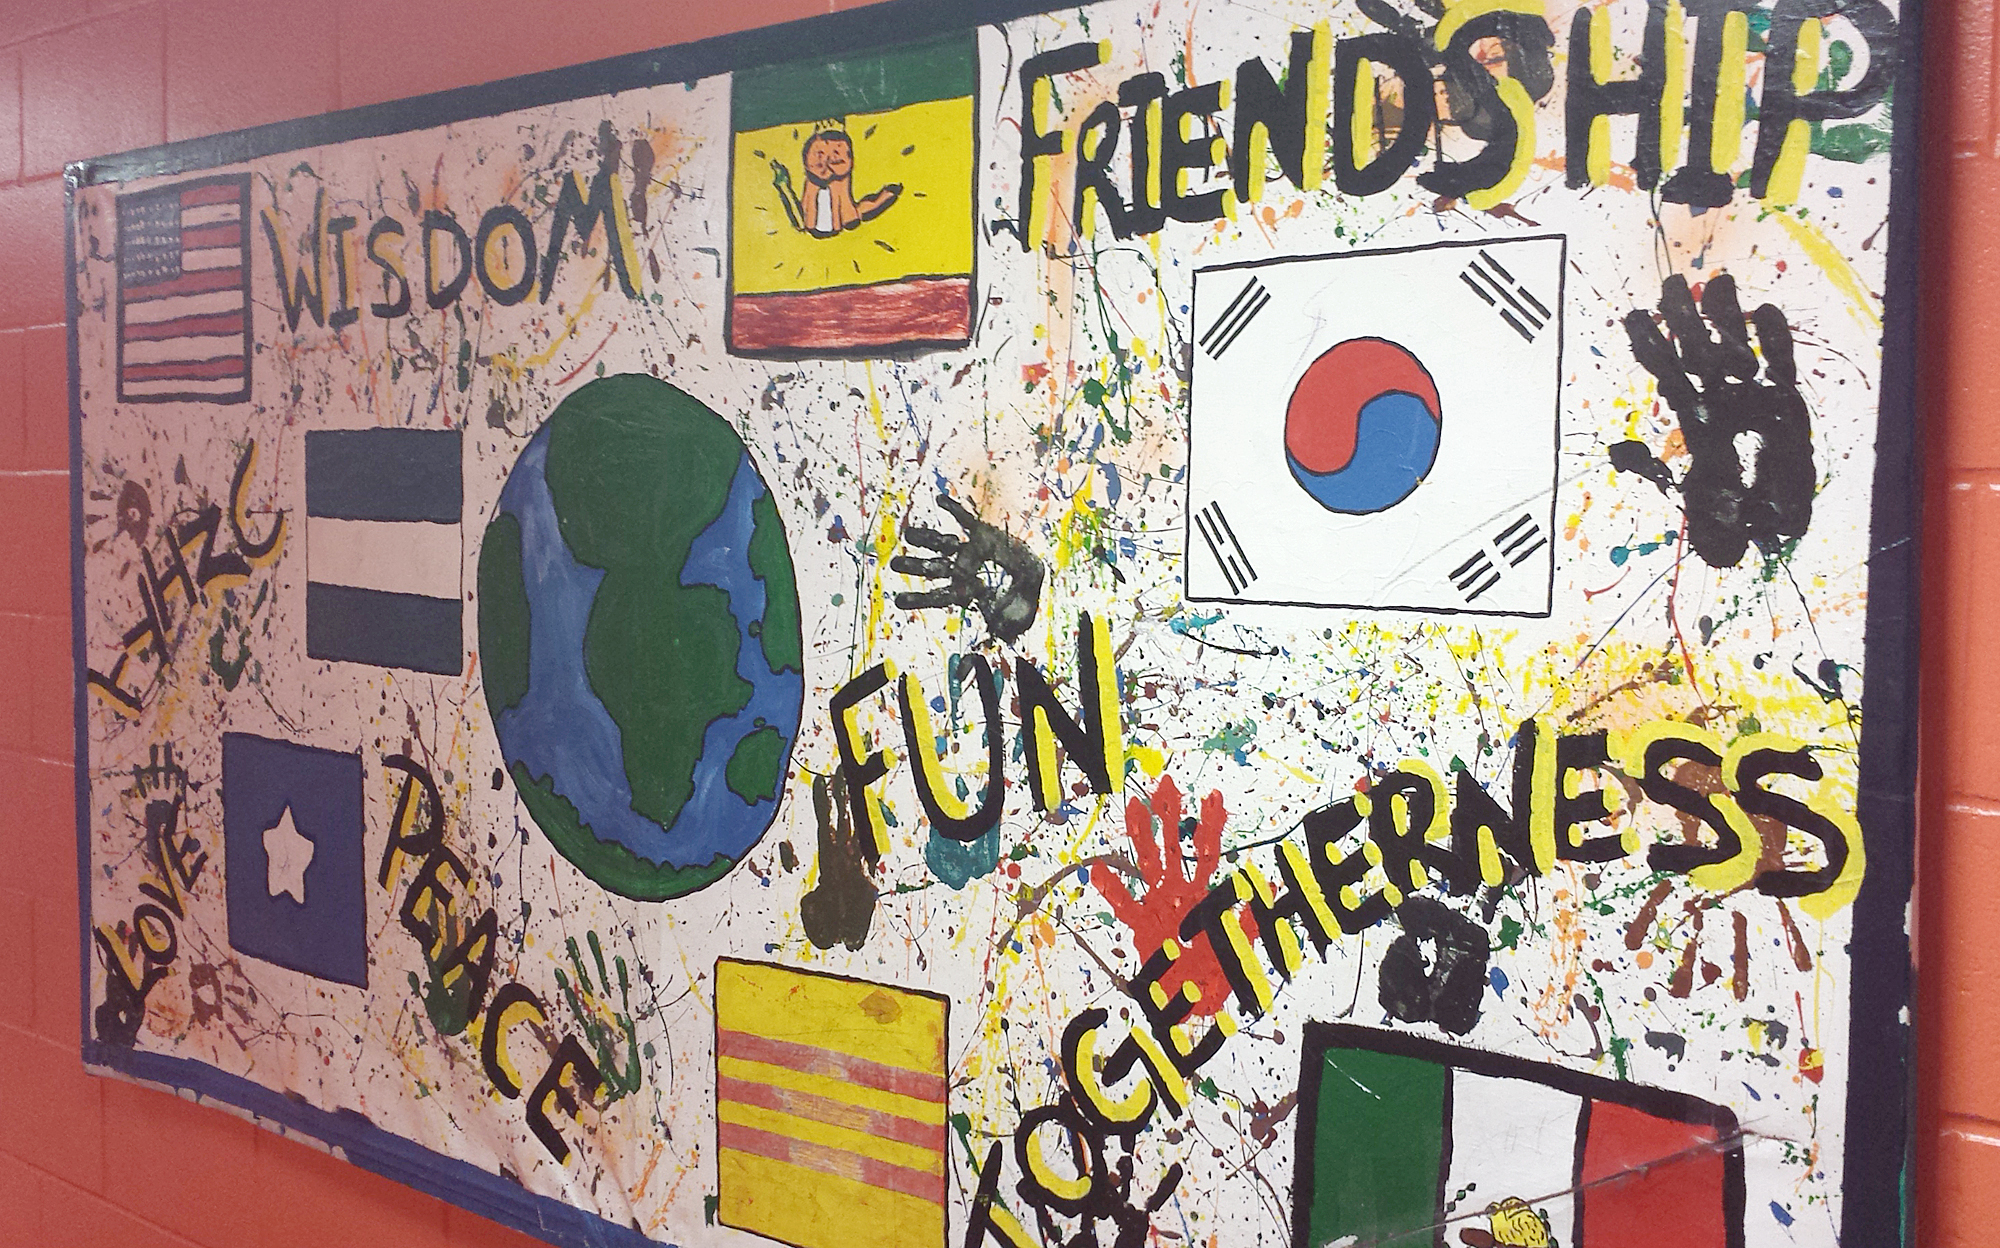 Painting hanging on a red wall with the earth in the middle, flags or various countries, handprints, and the words, "wisdom", "friendship", togetherness", "fun", "peace", "love", and a word that cannot be made out.
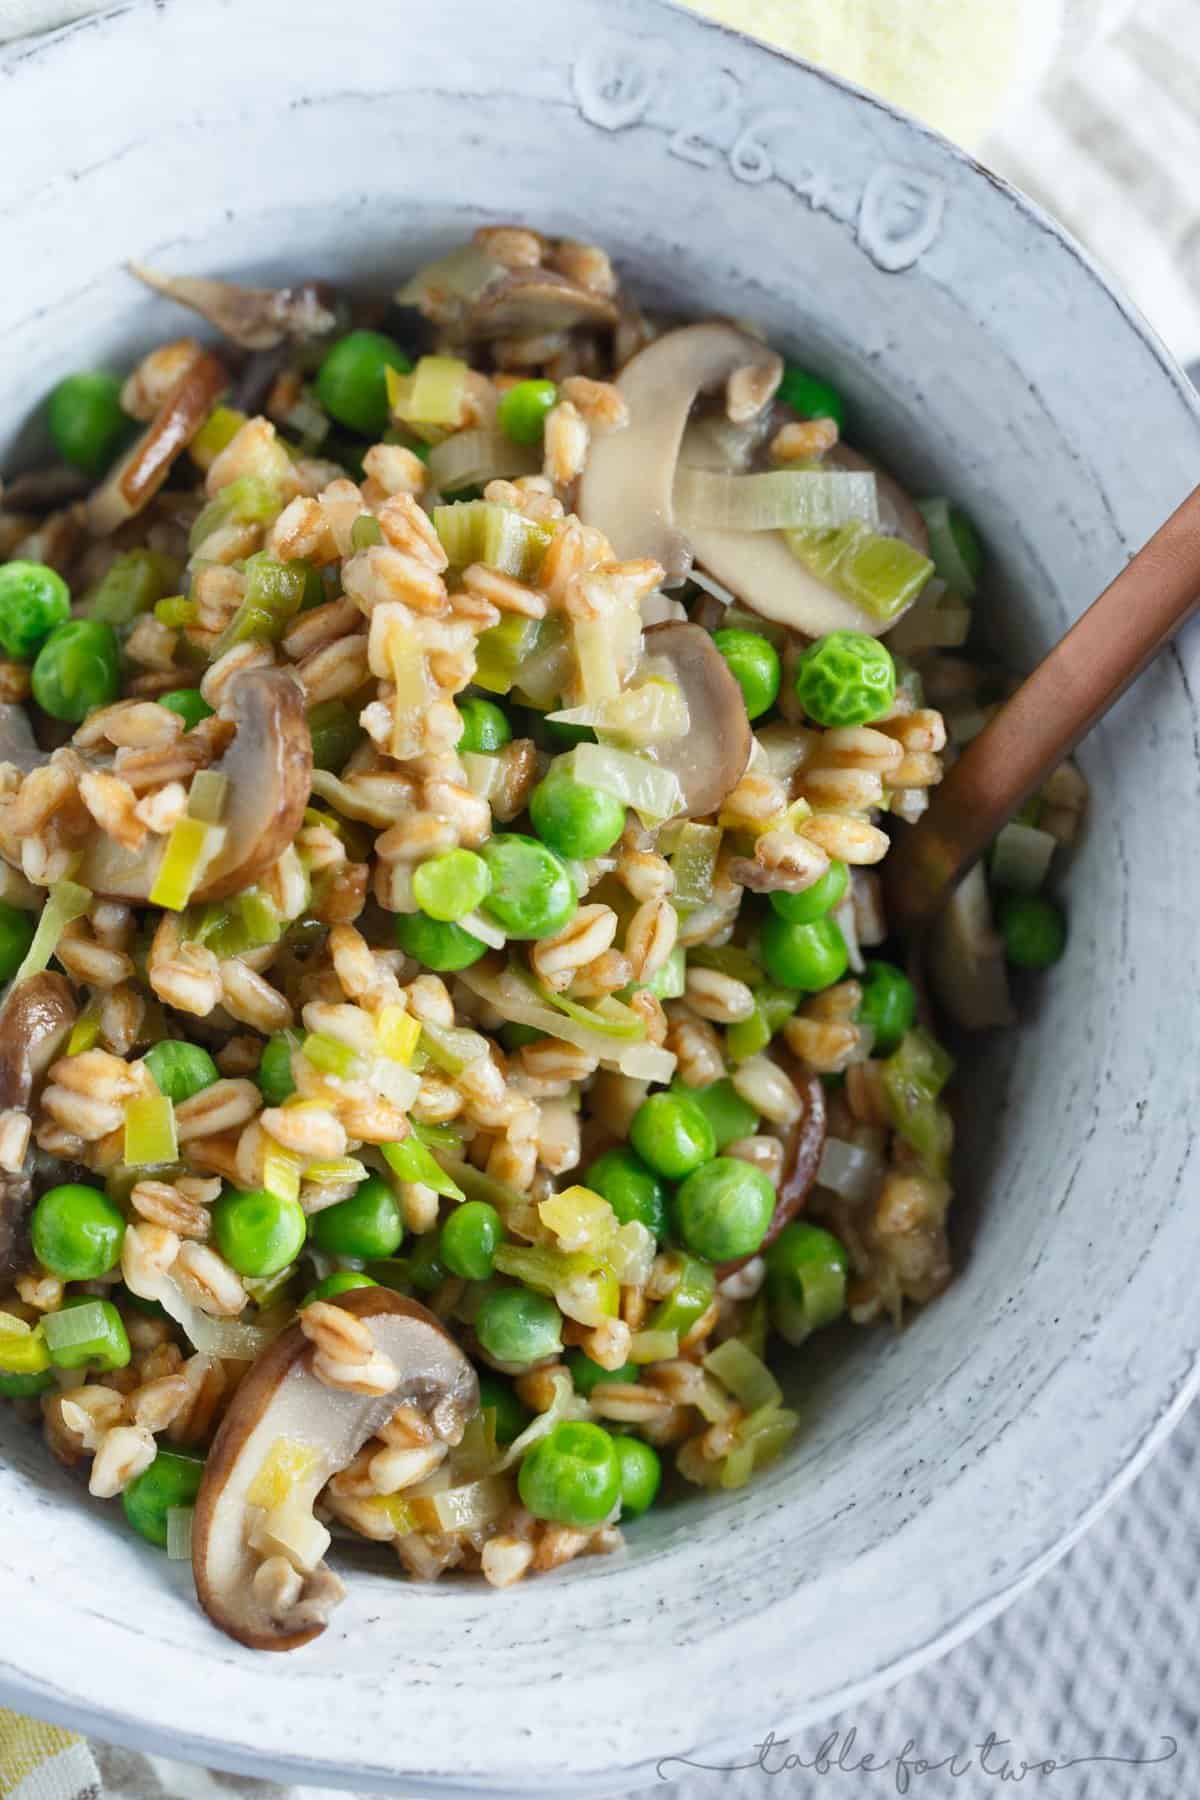 A great way to use farro in this flavorful dish! Filled with leeks, mushrooms, peas, and lots of parmesan cheese; this cozy farro dish is a quick one to whip up anytime of the week!
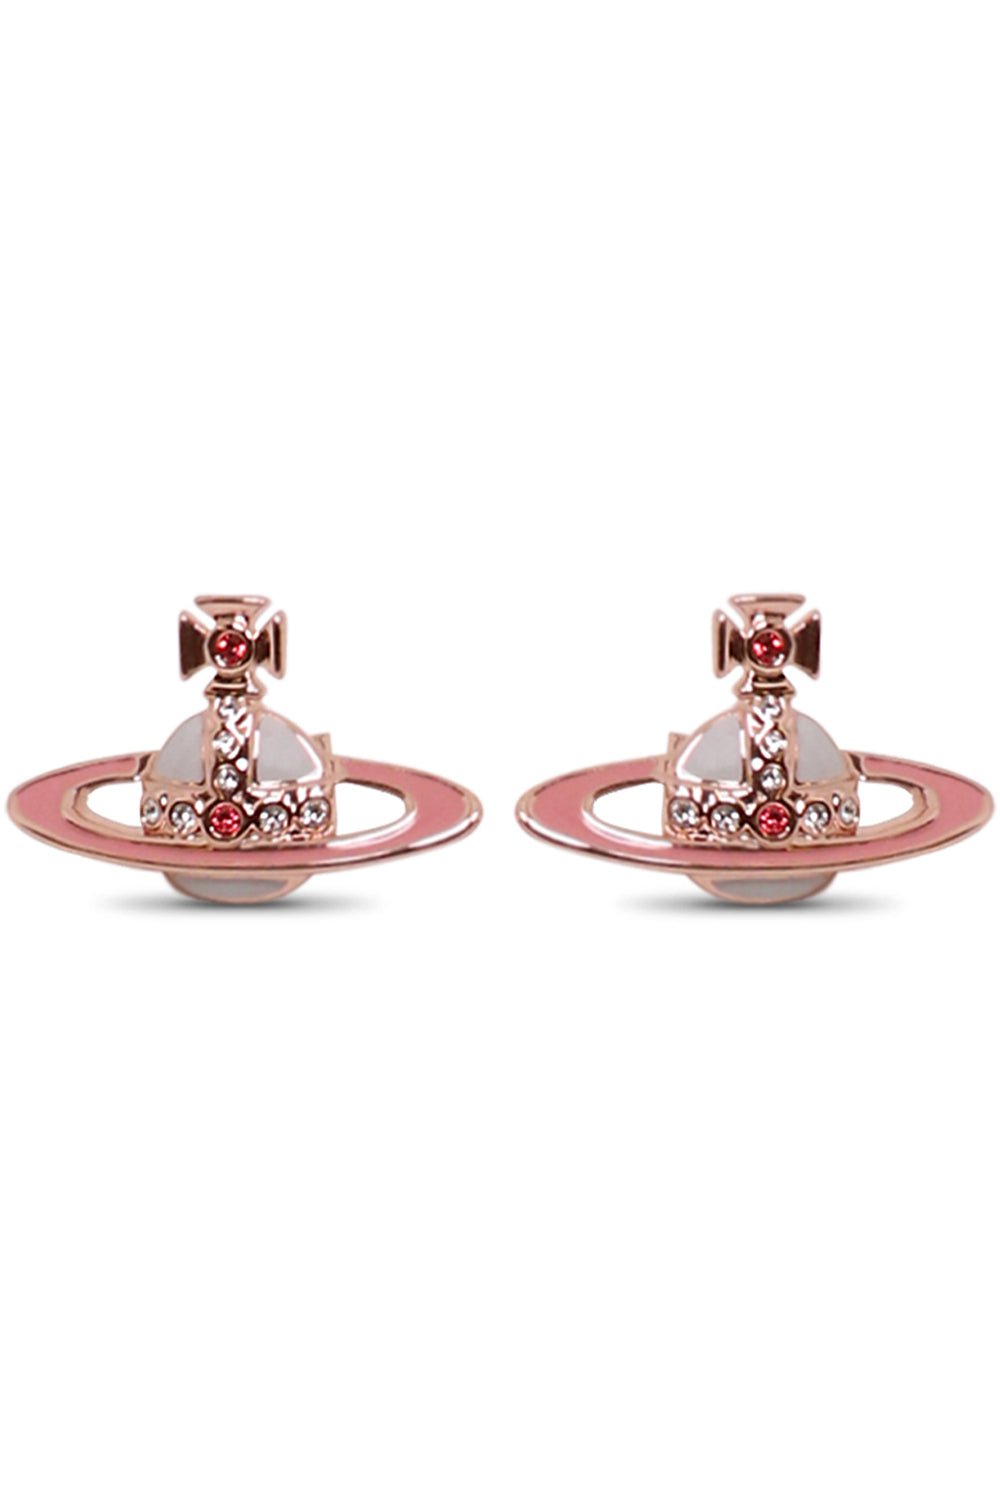 VIVIENNE WESTWOOD Accessories MULTI SMALL NEO BAS RELIEF EARRING | PINK GOLD/PINK

# EXERCISE PROMPT
What you return must match the material above exactly, apart from its pictures.

# PROBLEM SOLUTION
 Painting hanging on a red wall with the earth in the middle, flags or various countries, handprints, and the words, "wisdom", "friendship", togetherness", "fun", "peace", "love", and a word that cannot be made out.
 A great way to use farro in this flavorful dish! Filled with leeks, mushrooms, peas, and lots of parmesan cheese; this cozy farro dish is a quick one to whip up anytime of the week!
 VIVIENNE WESTWOOD Accessories MULTI SMALL NEO BAS RELIEF EARRING | PINK GOLD/PINK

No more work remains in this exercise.